ACTIVITY » Write the following entries out again exactly, skipping each image.

*** PROVIDED DATA ***

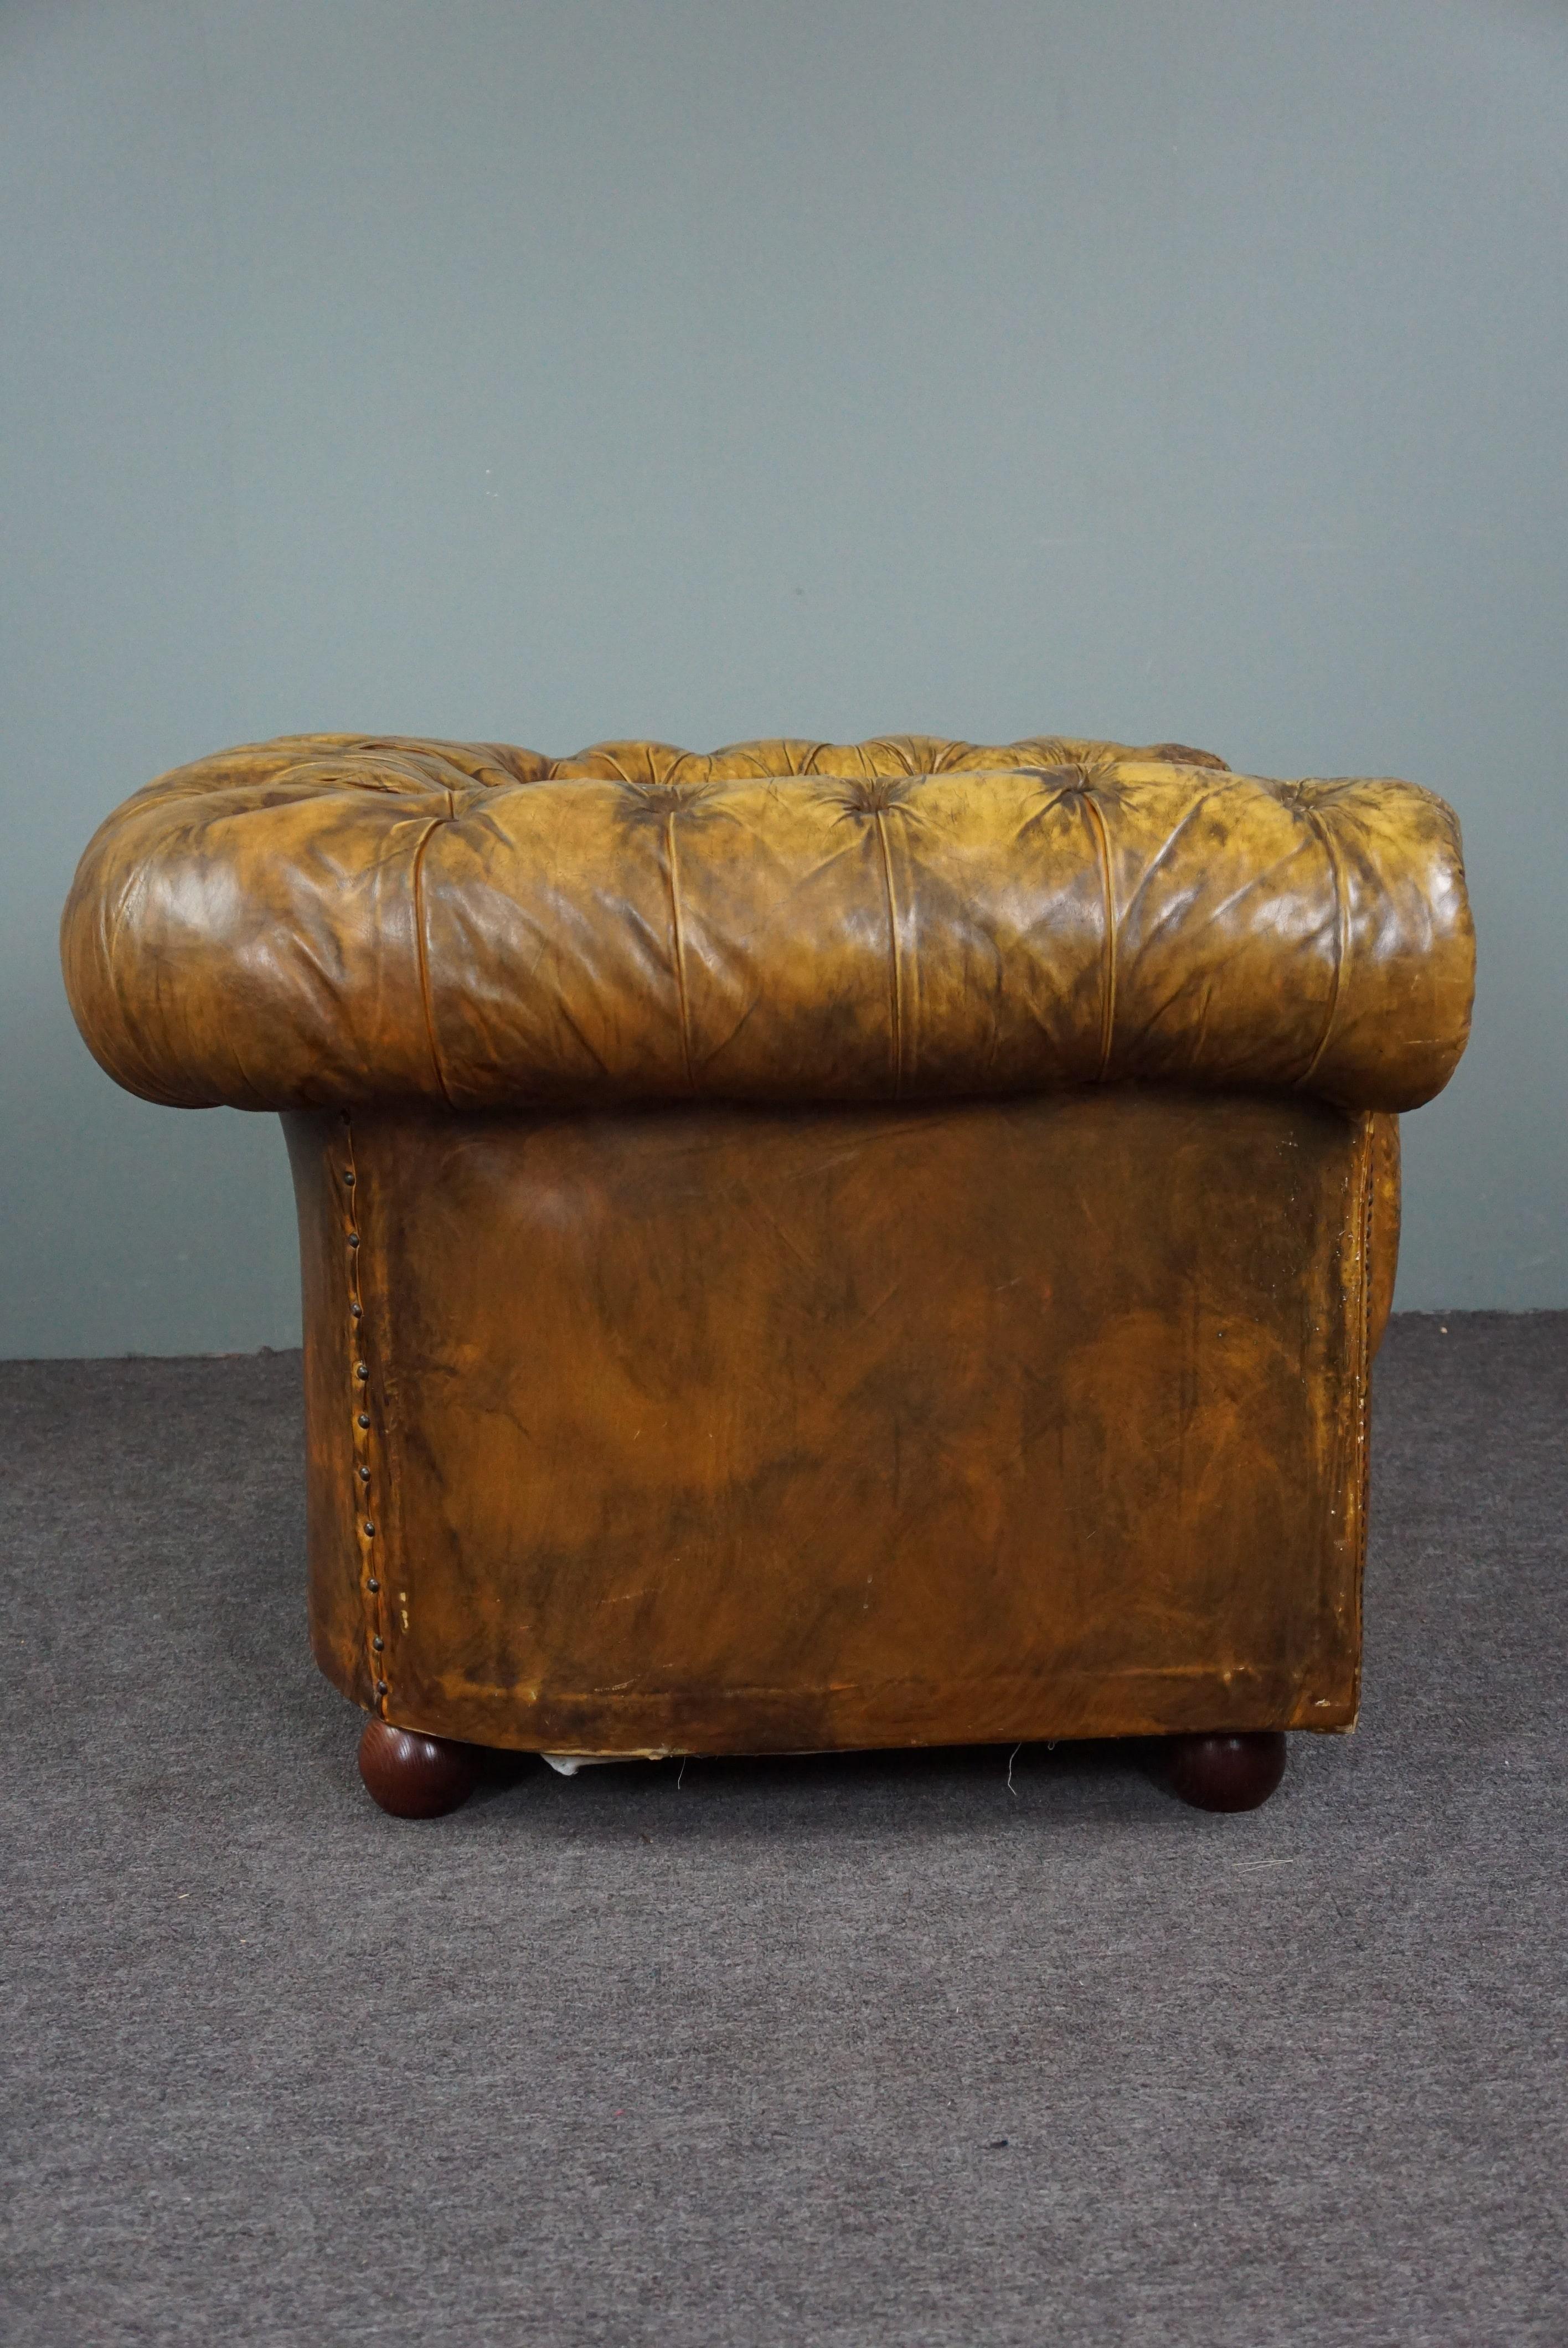 Nous vous proposons ce fauteuil Chesterfield merveilleusement assis, dont la patine et la couleur lui confèrent une apparence étonnante.

Cet imaginatif fauteuil Chesterfield patiné a un dossier et des accoudoirs paddés, un piètement à ressorts
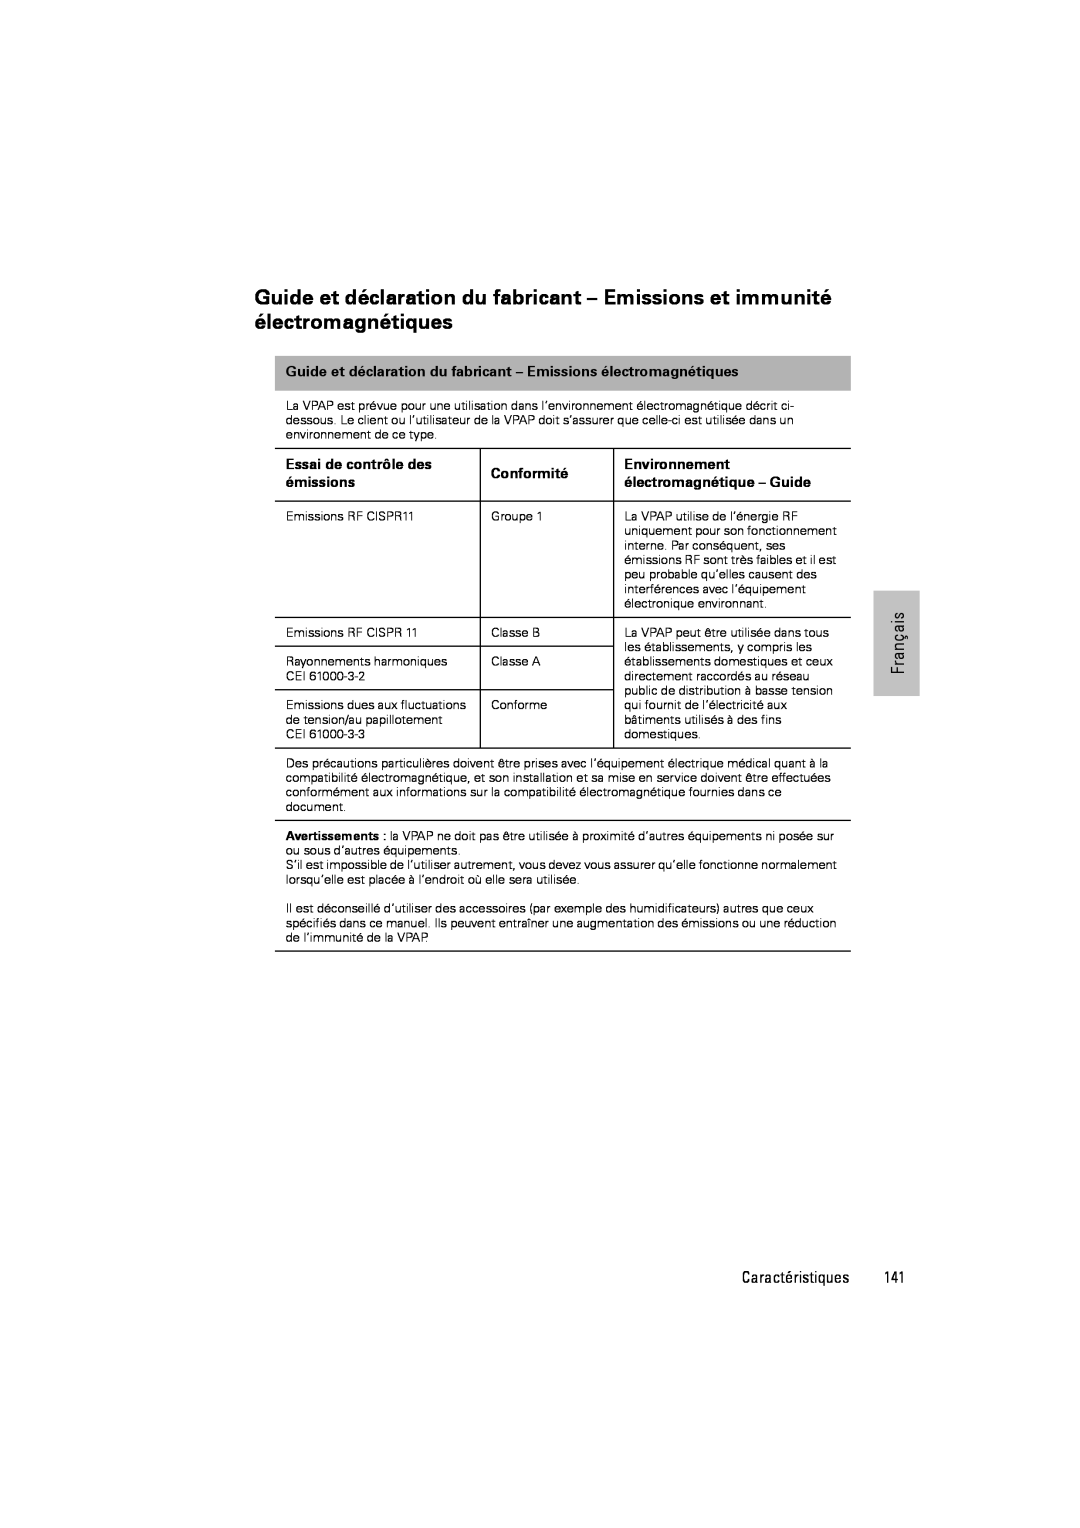 ResMed III & III ST user manual Essai de contrôle des, Conformité, Environnement, émissions, électromagnétique - Guide 
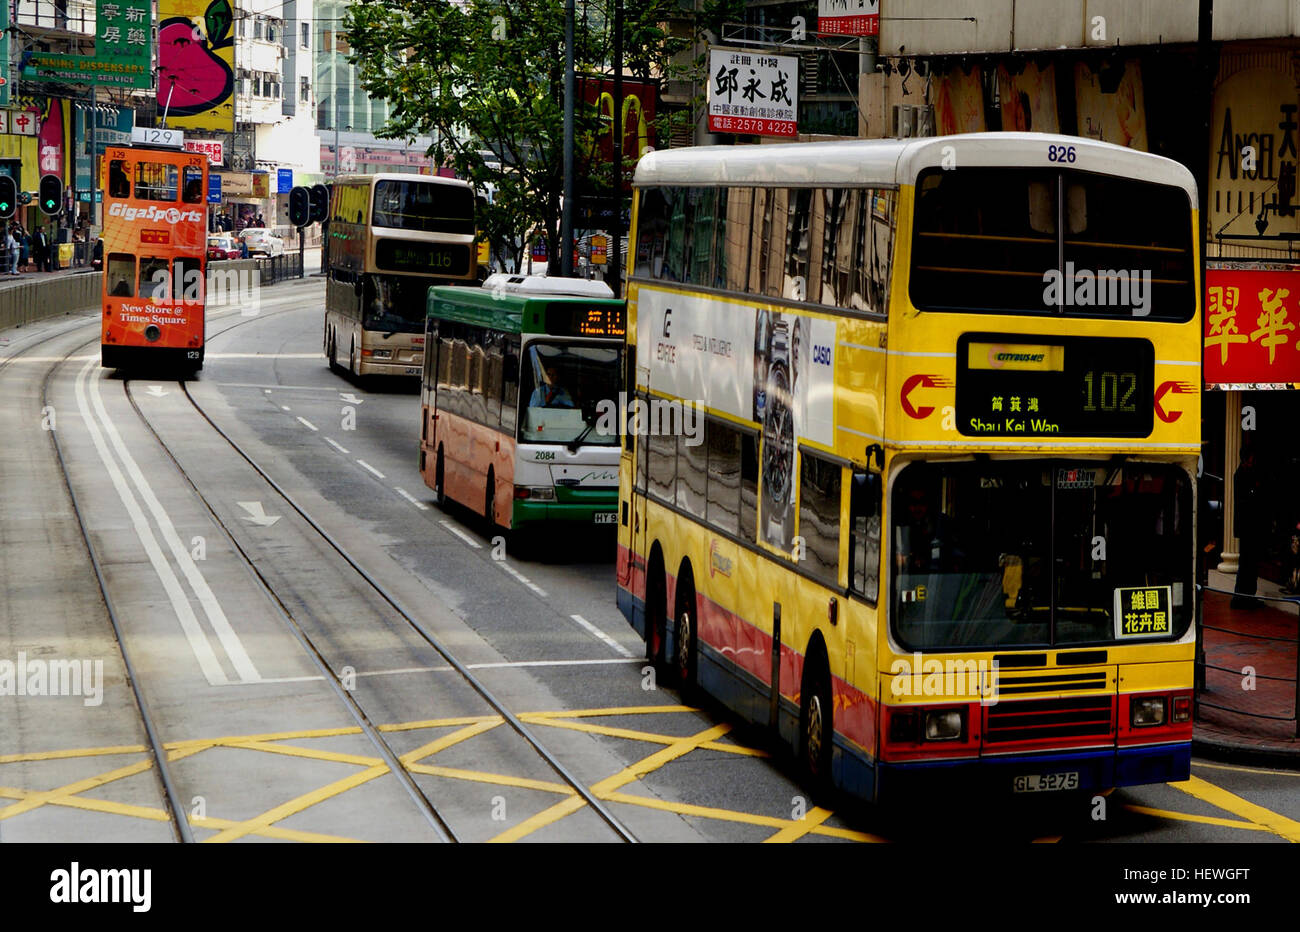 Hong Kong Straßenbahnen ist eine Straßenbahn in Hongkong und eine der frühesten Formen der öffentlichen Verkehrsmittel in Hongkong. Im Besitz und betrieben von Veolia Transport, verkehrt die Straßenbahn auf Hong Kong Island zwischen Shau Kei Wan und Kennedy Town, mit einer Niederlassung im Umlauf Happy Valley. Straßenbahnen in Hongkong wurden nicht nur ein Transportmittel für über 100 Jahre, sondern auch eine wichtige touristische Attraktion und eines der umweltfreundlichsten Möglichkeiten des Reisens in Hong Kong. Es ist die einzige ausschließlich Doppeldecker betrieben Straßenbahnsystem in der Welt, und einer von nur drei nicht-Erbe Straßenbahn-Systemen der Welt th Stockfoto
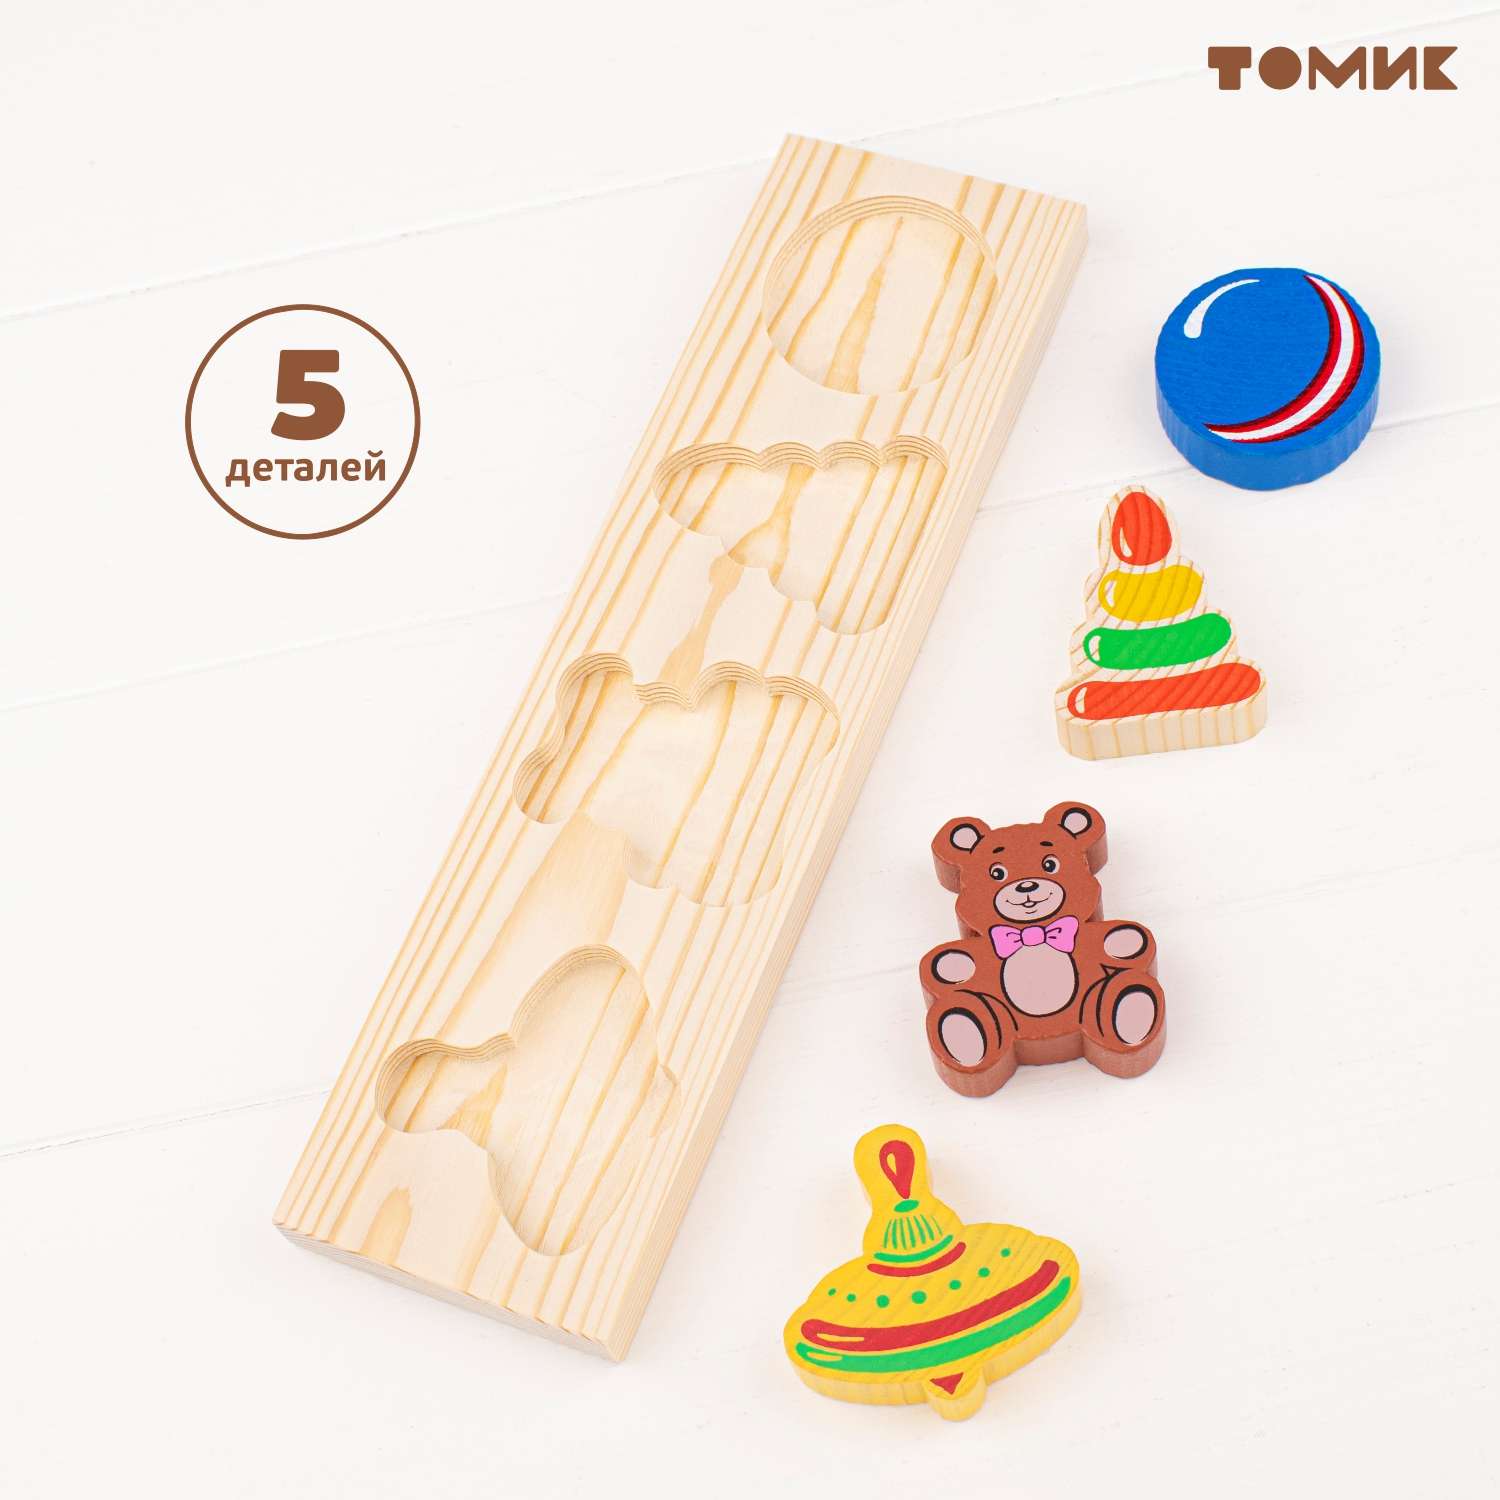 Рамка-Вкладыш Томик Игрушки 5 деталей 451 развивающая деревянная игрушка - фото 7

***

WORKED SOLUTION »
 Nous vous proposons ce fauteuil Chesterfield merveilleusement assis, dont la patine et la couleur lui confèrent une apparence étonnante.

Cet imaginatif fauteuil Chesterfield patiné a un dossier et des accoudoirs paddés, un piètement à ressorts
 ResMed III & III ST user manual Essai de contrôle des, Conformité, Environnement, émissions, électromagnétique - Guide 
 Hong Kong Straßenbahnen ist eine Straßenbahn in Hongkong und eine der frühesten Formen der öffentlichen Verkehrsmittel in Hongkong. Im Besitz und betrieben von Veolia Transport, verkehrt die Straßenbahn auf Hong Kong Island zwischen Shau Kei Wan und Kennedy Town, mit einer Niederlassung im Umlauf Happy Valley. Straßenbahnen in Hongkong wurden nicht nur ein Transportmittel für über 100 Jahre, sondern auch eine wichtige touristische Attraktion und eines der umweltfreundlichsten Möglichkeiten des Reisens in Hong Kong. Es ist die einzige ausschließlich Doppeldecker betrieben Straßenbahnsystem in der Welt, und einer von nur drei nicht-Erbe Straßenbahn-Systemen der Welt th Stockfoto
 Рамка-Вкладыш Томик Игрушки 5 деталей 451 развивающая деревянная игрушка - фото 7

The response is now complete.